The Green sets itself apart in all three areas, starting with the golf game itself. After thorough research, Barry and Ptacin found a golf simulator out of Korea that exceeded their expectations. This program uses technology to adjust the floor to replicate the exact lie of each shot, making the entire game more realistic, from chip shots to putting.
The simulator was only part of the equation in creating a great indoor golf atmosphere. “One of the reasons indoor golf facilities seem dark is because too much light affects the quality of the projection and can harm the equipment,” Barry says. “Our space has wonderful floor-to-ceiling windows all around and we wanted to preserve the light, open feel while still protecting the investment in our technology.” After a thorough design process, The Green was able to get the desired result – a custom installation where the simulator booths, couches, tables and lighting features work together for optimal performance and atmosphere.

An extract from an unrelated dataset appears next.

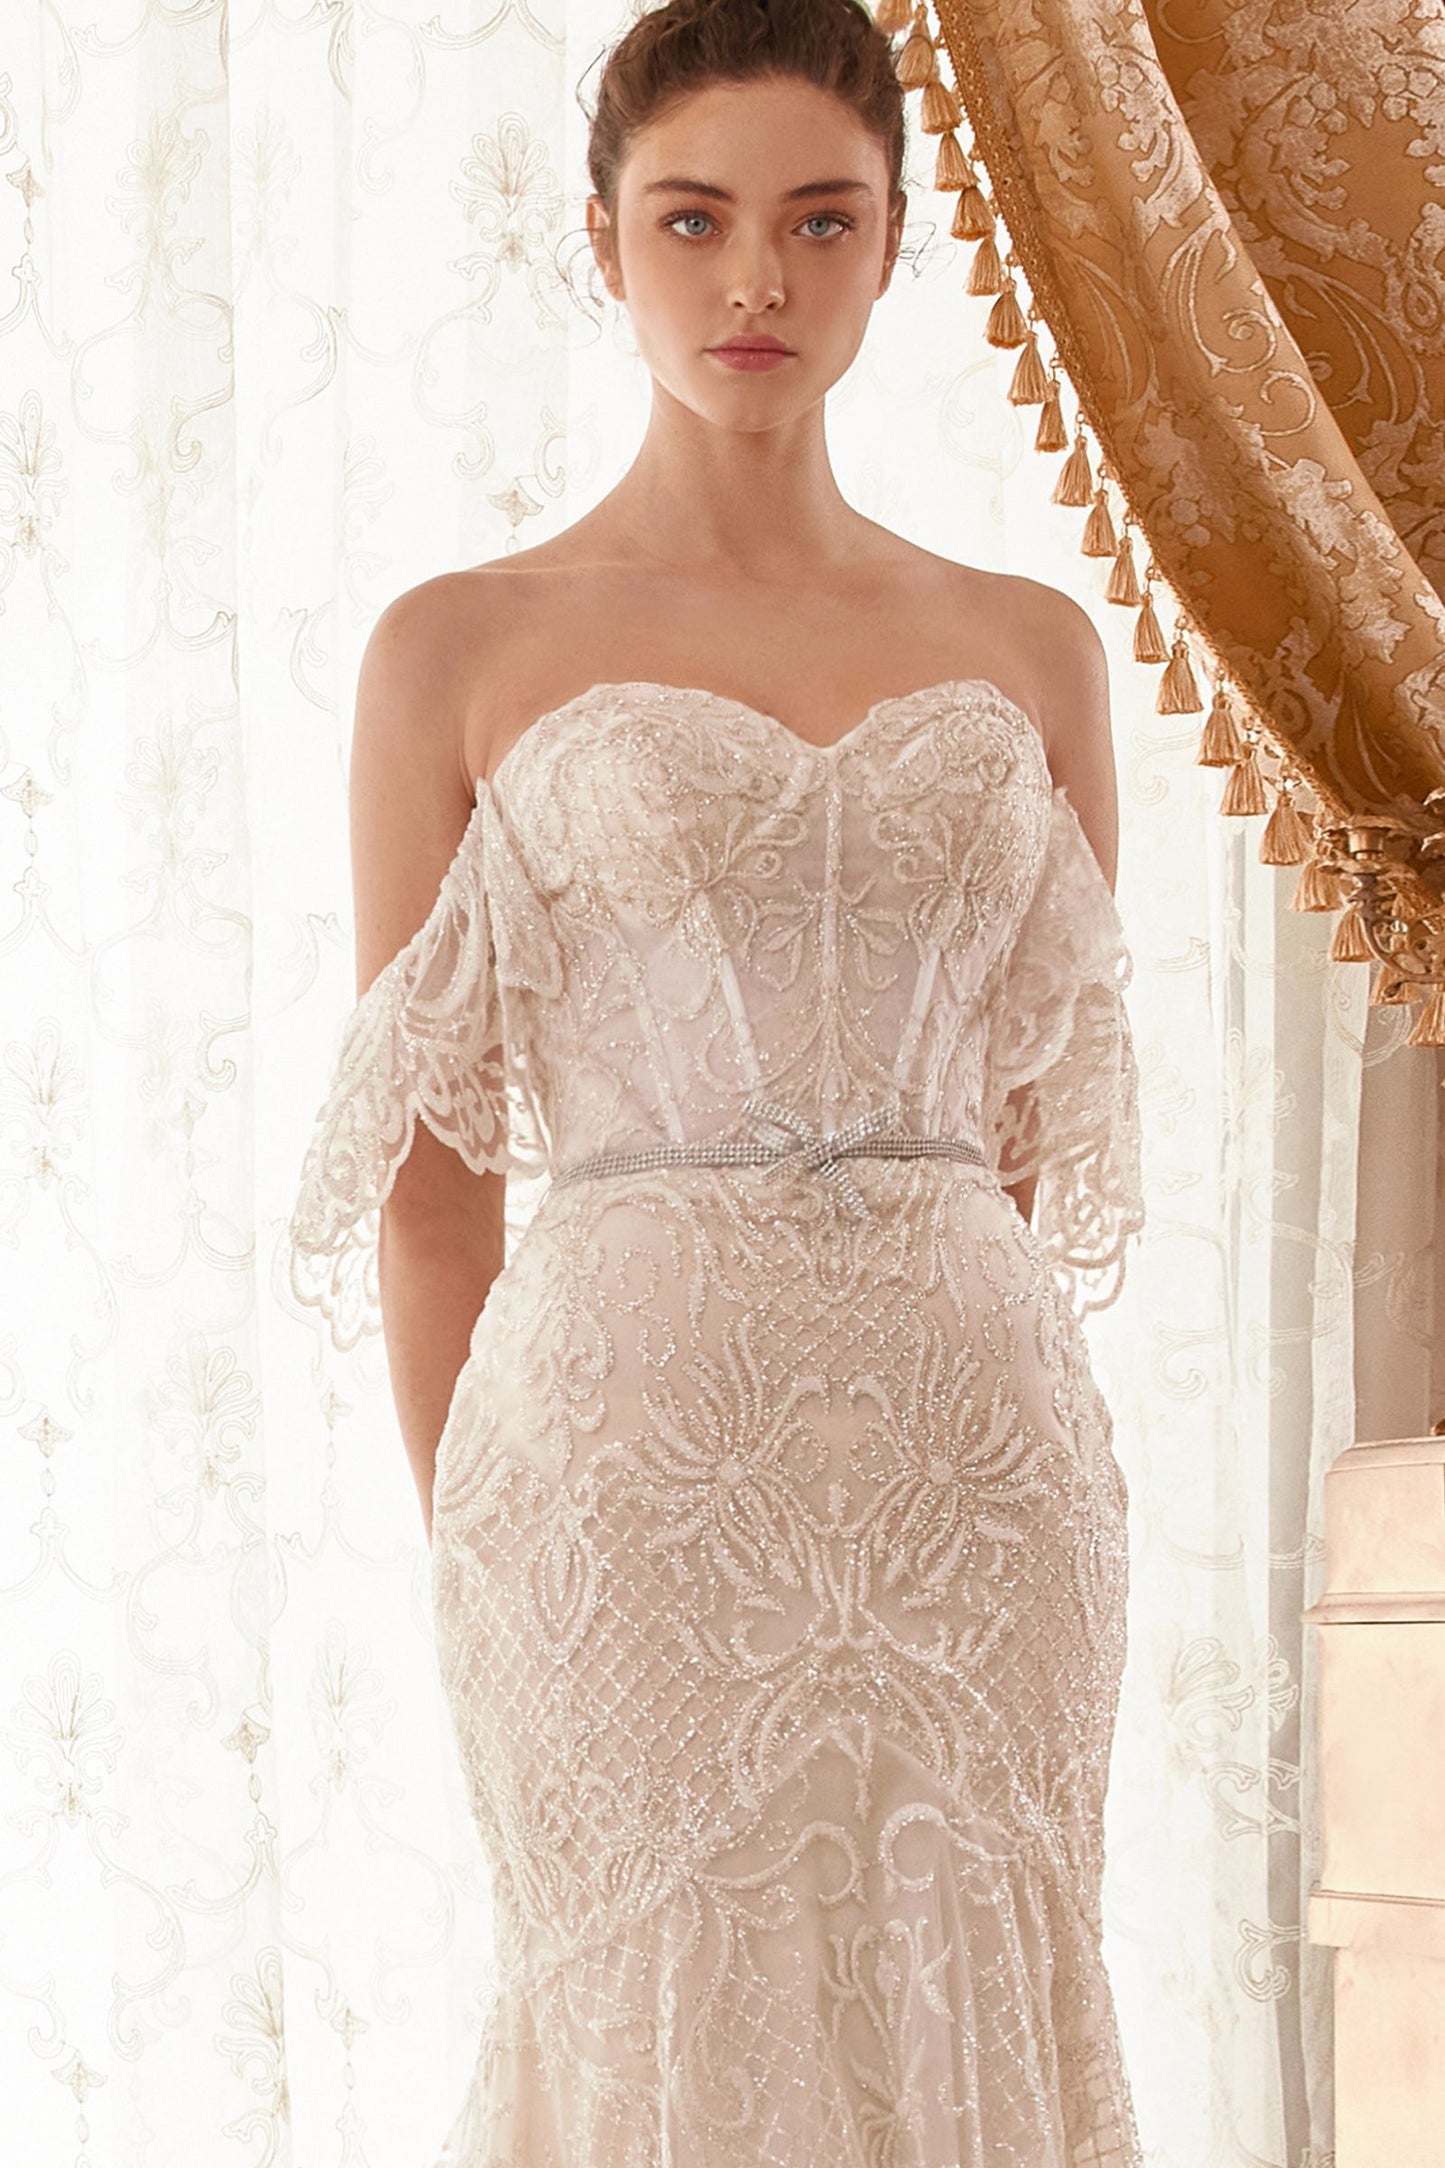 exquisito vestido de novia sirena sin tirantes con una preciosa tela blanca con motivos barrocos brillantes brilla con una elegancia romántica y un atrevido escote en forma de corazón

Great Food from a Small Space
With the golf element in place, Barry and Ptacin turned to Adam Goodloe, project manager at Boelter, to work his magic designing a kitchen capable of producing a menu full of items to match the quality of the golf experience at The Green. The project came with a couple of challenges – not only was the kitchen area only 1,500 square feet after making room for the golf simulators, the building itself had never housed a kitchen before, which created challenges.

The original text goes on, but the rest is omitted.